En cette matinée du lundi 27 avril 2020, Dieu seul sait combien d’usagés des avenues Président Babanguida et 56 ont rebroussé chemin. Sortis marcher pour  l’ouverture des marchés, les commerçants de Naby  yaar et de Sankarariar ont bloqué toute circulation autour des marchés. Si les croquants ont aussitôt crié victoire et fondé l’espoir qu’ils pourront ouvrir les étales ce matin même, ils doivent encore patienter une bonne semaine, car, selon le maire central, Armand Pierre Béouindé,  c’est la semaine prochaine qu’ils vont rendre  compte  de la situation au gouvernement avant de prendre l’arrêté pour ouvrir les marchés qui seraient aux normes.

 

 

Juste après l’entrée principale de l’hôpital Saint Camille, impossible d’aller plus loin. A l’aide de pneus, de branches d’arbres et de morceaux de béton, les employés de commerce de Nabi yaar  ont érigé des barrières de fortune. Des jeunes refoulent motocyclistes et automobilistes. « Repartez ! On ne peut pas passer, c’est barré », crient-ils en gesticulant. Tout est bruyant ici, et les commerçants dictent leurs lois. Ici, on foule aux pieds gestes barrières et distanciation sociale. Petits et grands, jeunes femmes ou vieilles se mêlent. Contrairement à ce qui se racontait,  aucune présence policière sur les lieux.

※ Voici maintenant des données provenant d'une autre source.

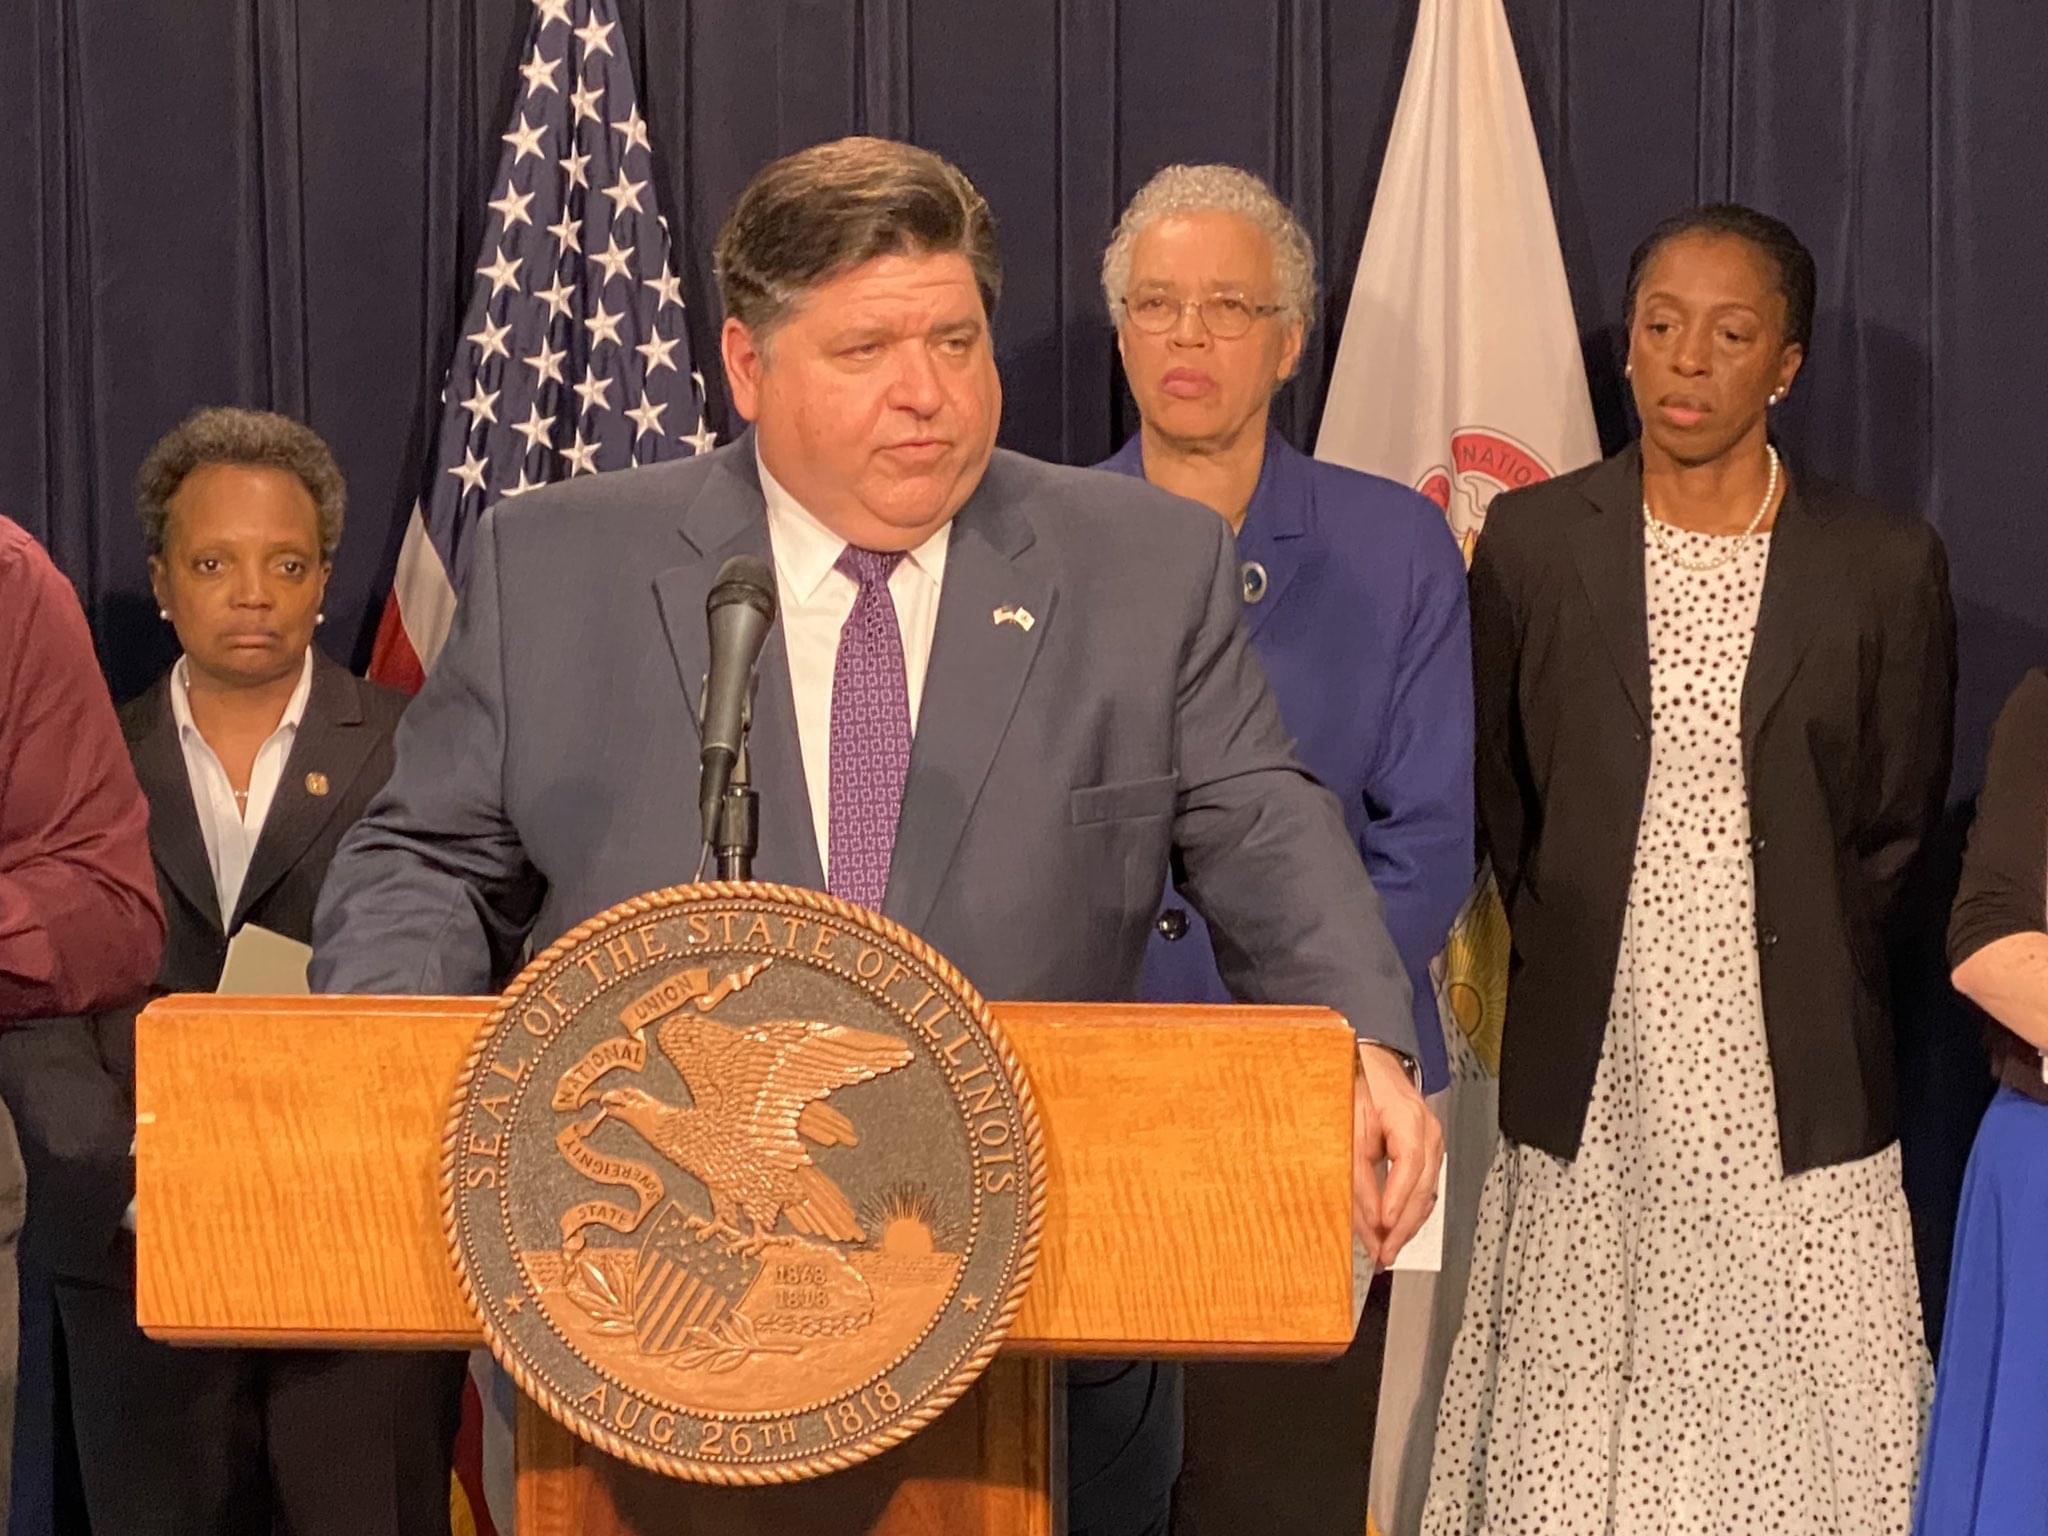 Gov. Pritzker continues fight for abortion rights at Planned Parenthood Illinois

Sous un soleil de plomb, peu après 10 heures, un groupe de femmes  en plein milieu du bitume fulminent de colère. Au point de renier l’existence du virus ! « Au Burkina le coronavirus n’existe même pas », a dit une d’elles. Pas très loin à l’ombre d’un arbre au bord de la route, un groupe d’hommes s’abrite. « Peut-on avoir un des responsables du marché pour un entretien ? » avons-nous lancé aux croquants après un salut d’usage. « Ici, il n’y a pas de responsable. Tout le monde peut se prononcer sur la question tant qu’il est concerné par le sujet», nous réplique un jeune homme d’environ la trentaine. 

De cette poignée d’hommes visiblement remontés contre la fermeture des marchés, qui n’a que trop duré selon les frondeurs, Salifou Yougbaré, un peu élancé et portant  des verres noirs décide de répondre. A peine a-t-il fini de se présenter qu’un homme lui enjoint de quitter l’ombre. « Vas faire ton entretien au soleil. Ainsi  ils sauront que nous sommes au soleil pour protester », lui a-t-il lancé. Pousser jusqu’au milieu du bitume et en plein soleil nous pouvons donc reprendre notre séance de questions-réponses. « Si nous sommes ici,  c’est parce qu’on a fermé les marchés à cause d’une maladie. Ce que nous déplorons, c’est que cette mesure a été prise sans  qu’on nous consulte et sans d’autres conditions.  Nous avons été surpris. Mais nous nous sommes pliés à cette décision gouvernementale.  On nous avait donné le 20 avril pour ouvrir les marchés. Nous sommes aujourd’hui au 27 avril, et il n’en est encore rien. C’est ainsi que nous nous sommes concertés pour donner de la voix ce matin.  Nous n’avons pas de salaire, et nous vivons au jour le jour », a affirmé Salifou Youbaré.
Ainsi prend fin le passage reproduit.